• [Data for this task]:
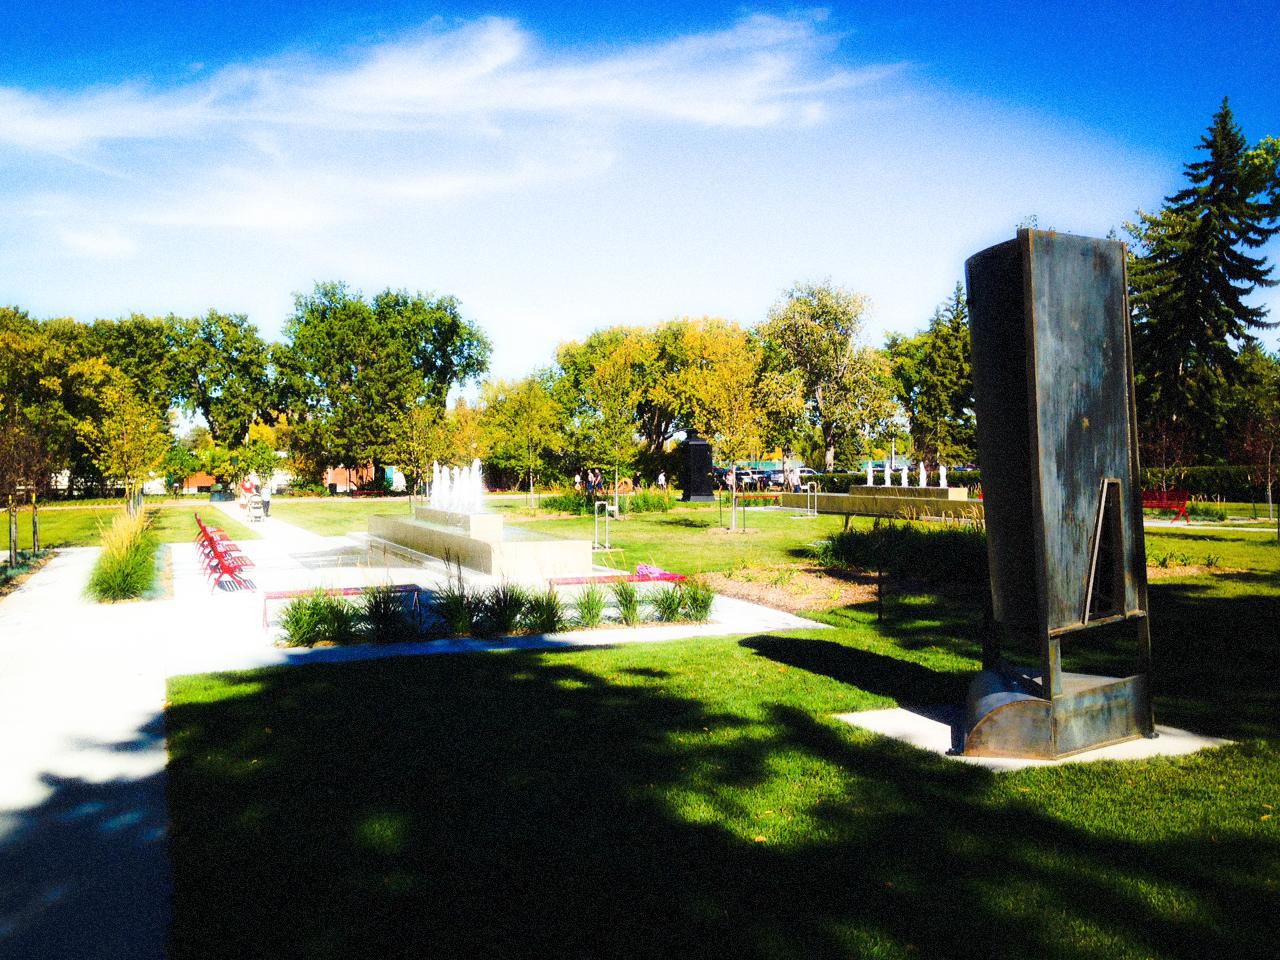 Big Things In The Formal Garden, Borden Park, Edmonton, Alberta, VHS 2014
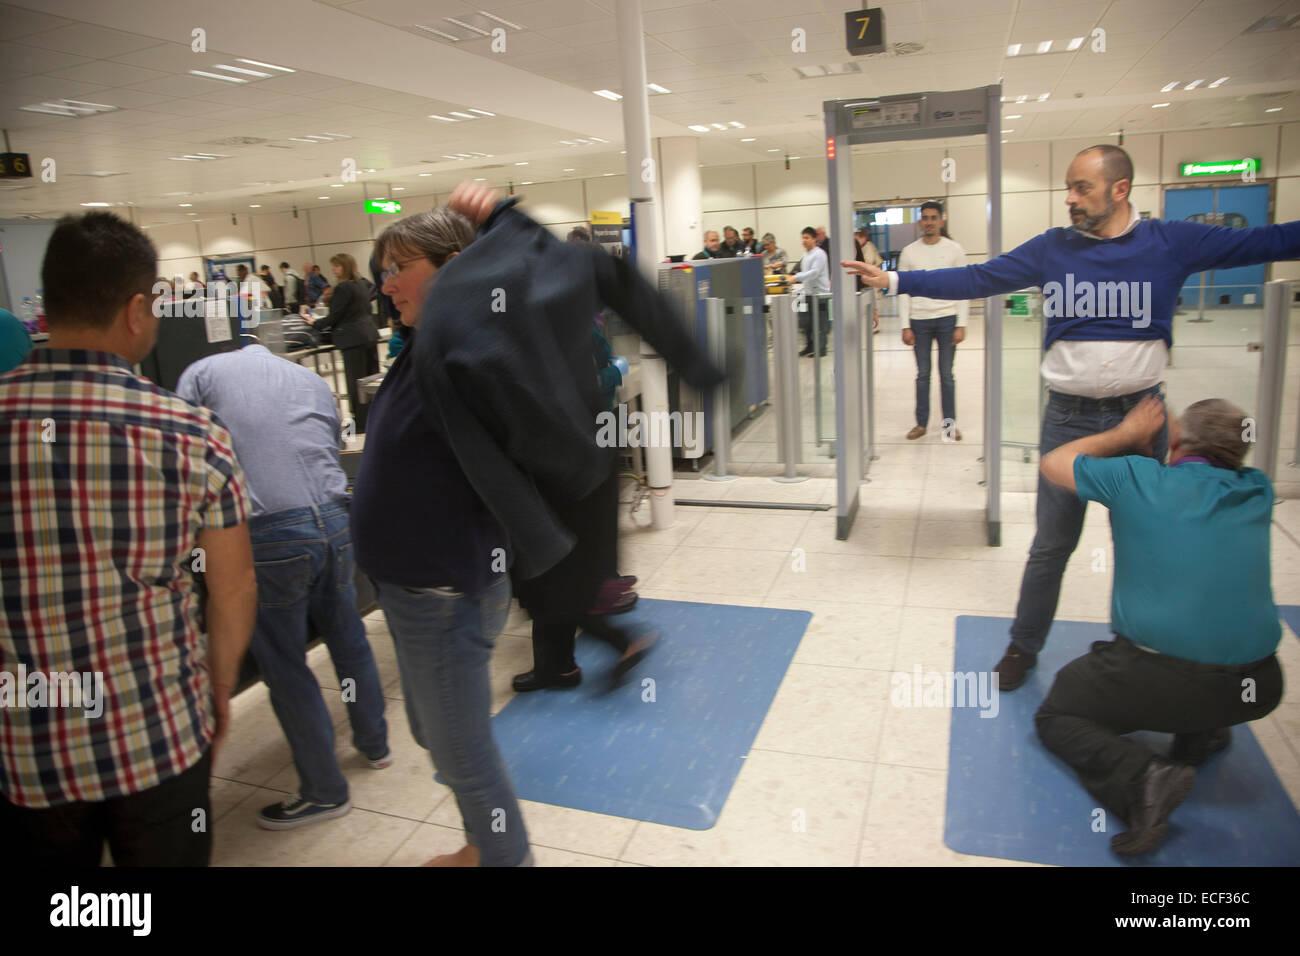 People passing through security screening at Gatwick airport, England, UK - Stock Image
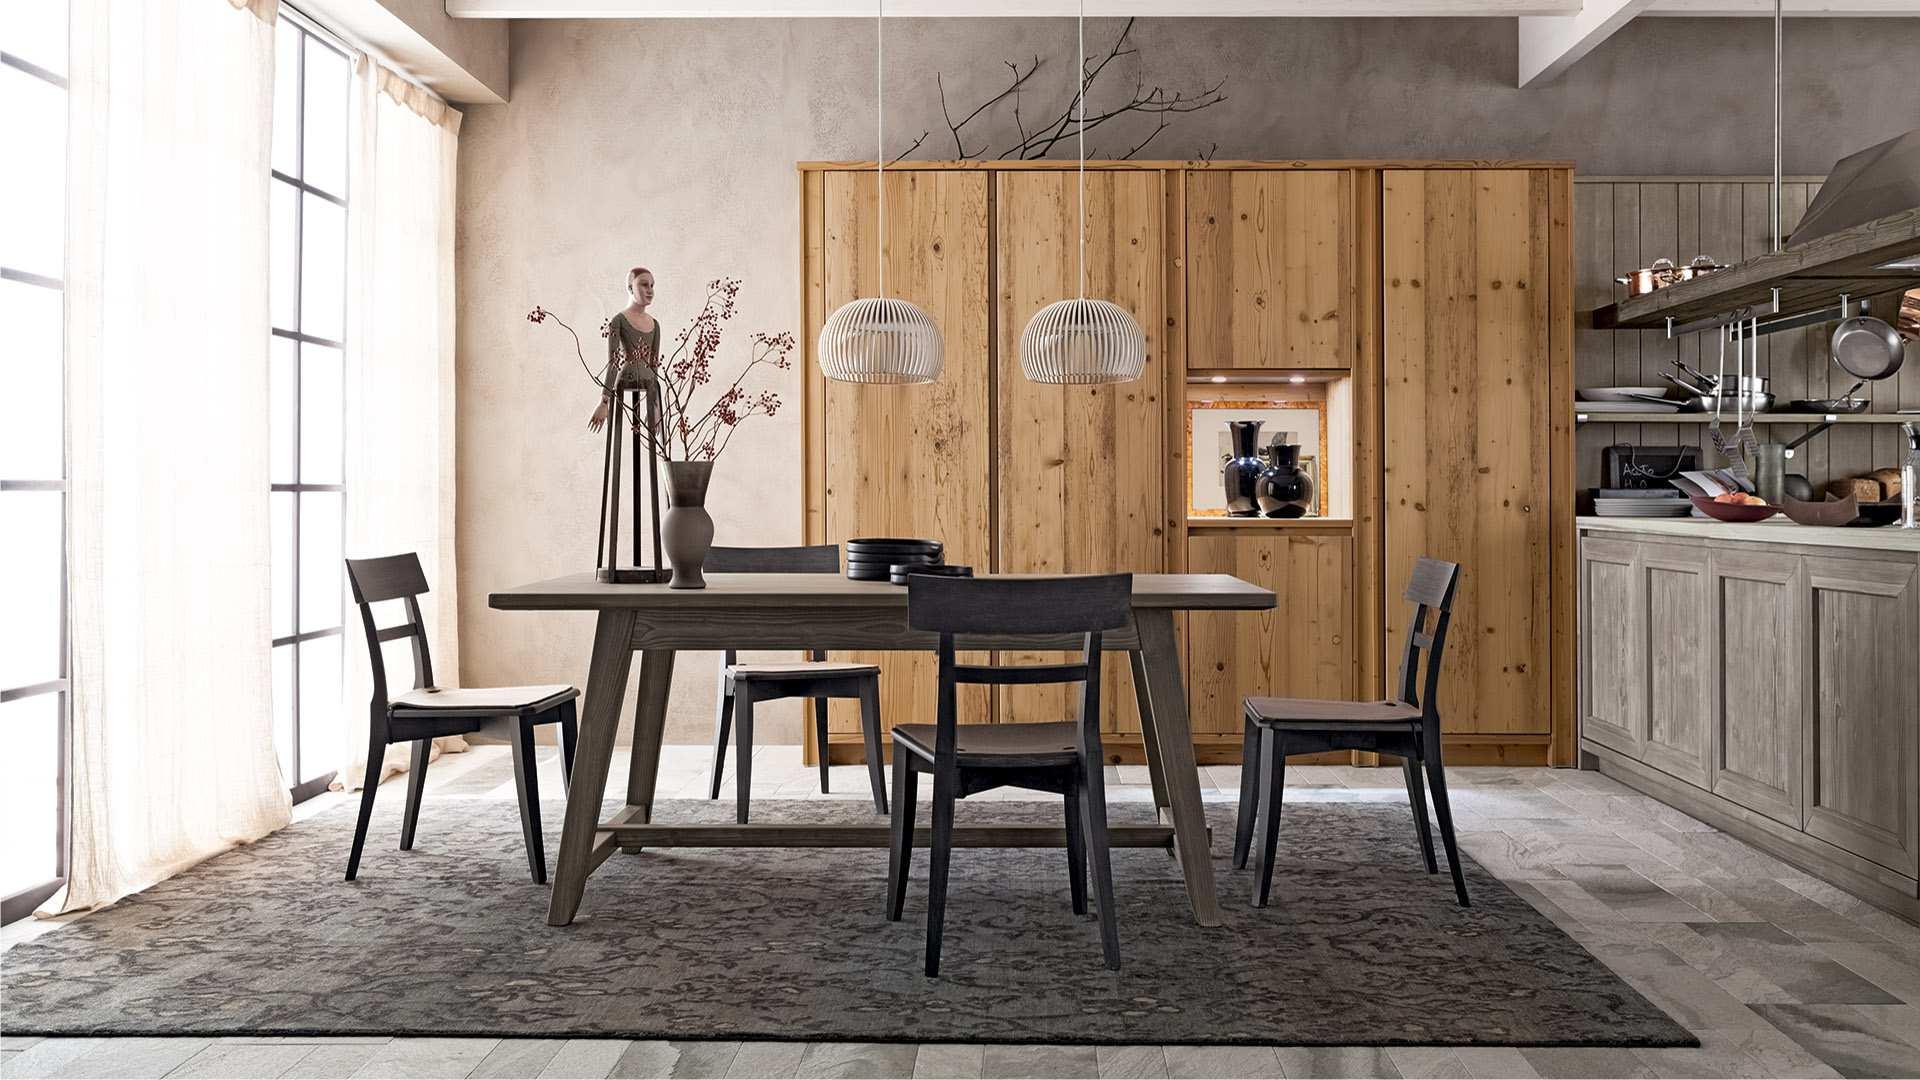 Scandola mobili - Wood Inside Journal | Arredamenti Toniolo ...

...

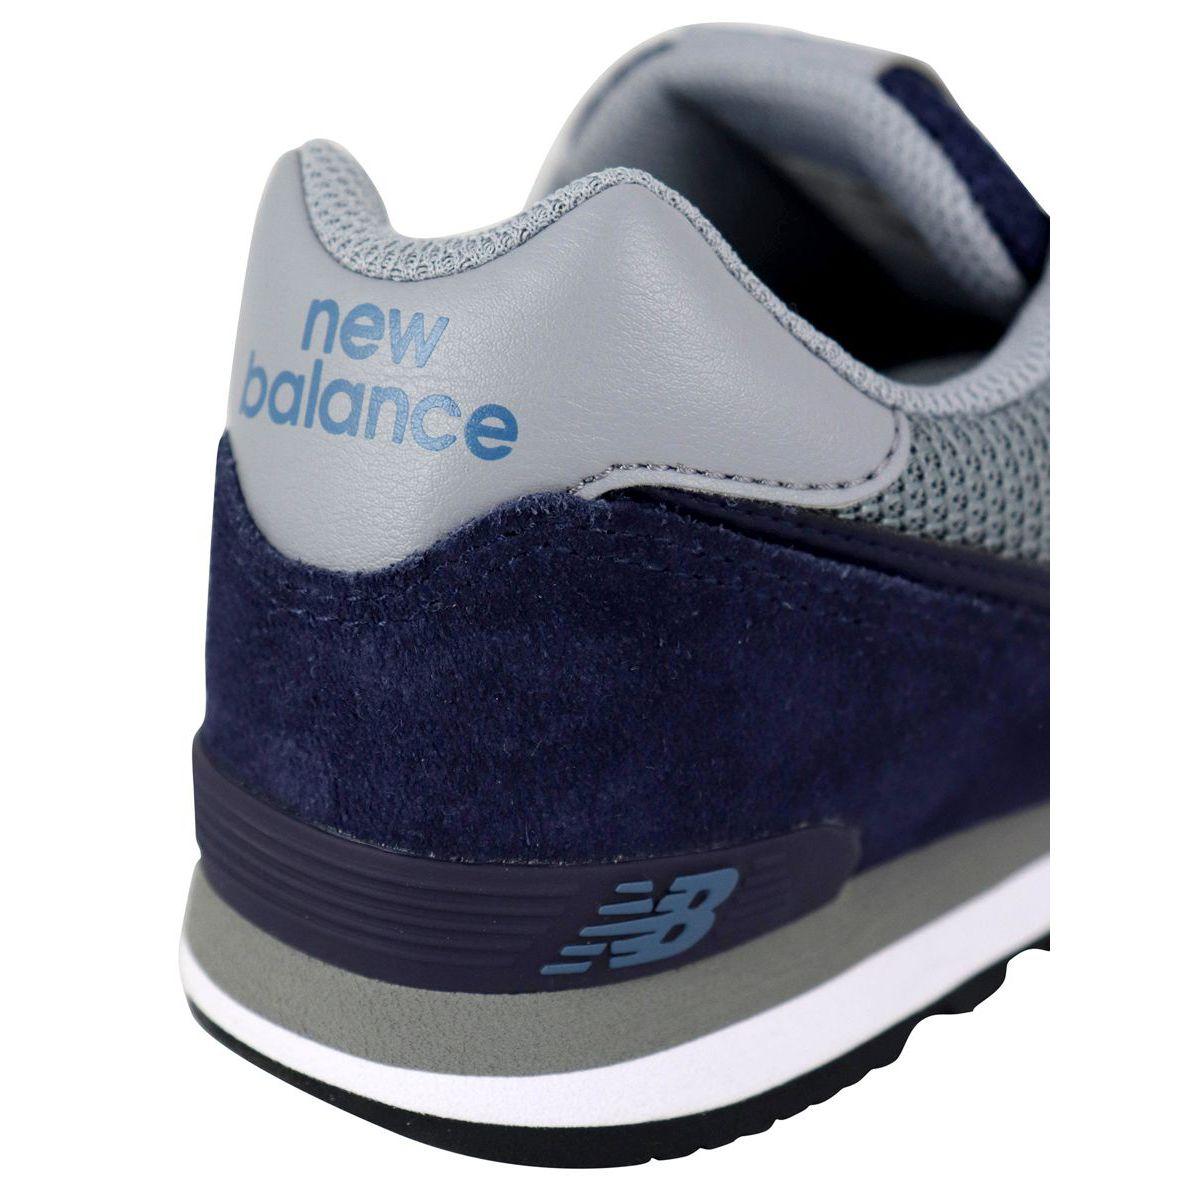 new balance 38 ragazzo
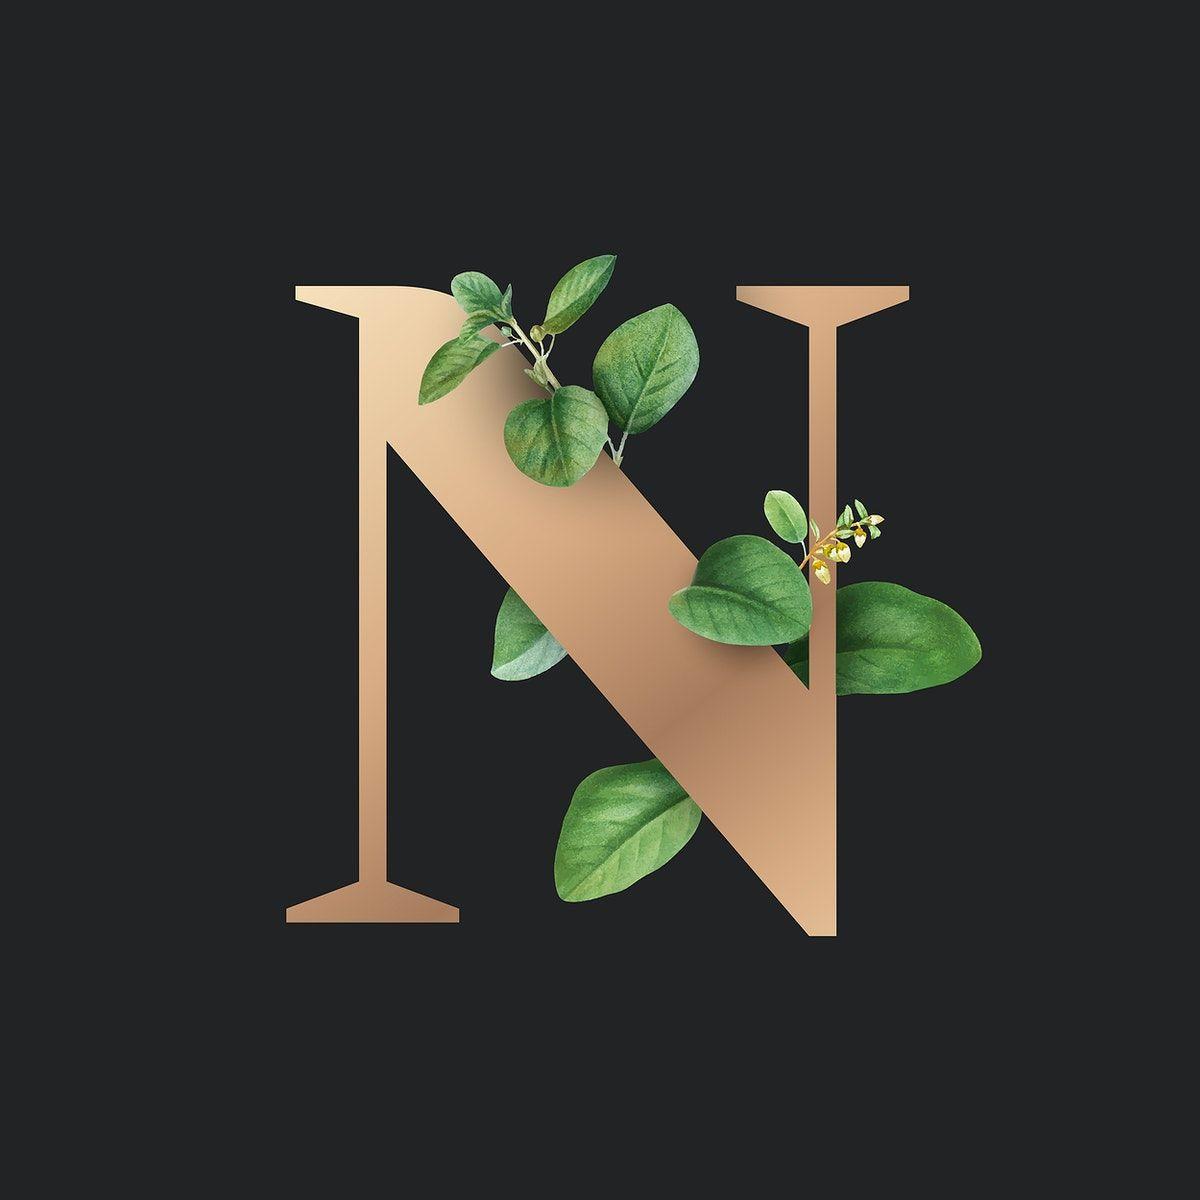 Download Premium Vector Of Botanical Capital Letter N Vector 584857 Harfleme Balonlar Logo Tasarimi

• [Task brief]: Return exactly the part of the listing above that opens with the line containing "Big Things In" and closes with the line containing "Scandola mobili - Wood". Pictures stay out.

• [Output below]:
 Big Things In The Formal Garden, Borden Park, Edmonton, Alberta, VHS 2014
 People passing through security screening at Gatwick airport, England, UK - Stock Image
 Scandola mobili - Wood Inside Journal | Arredamenti Toniolo ...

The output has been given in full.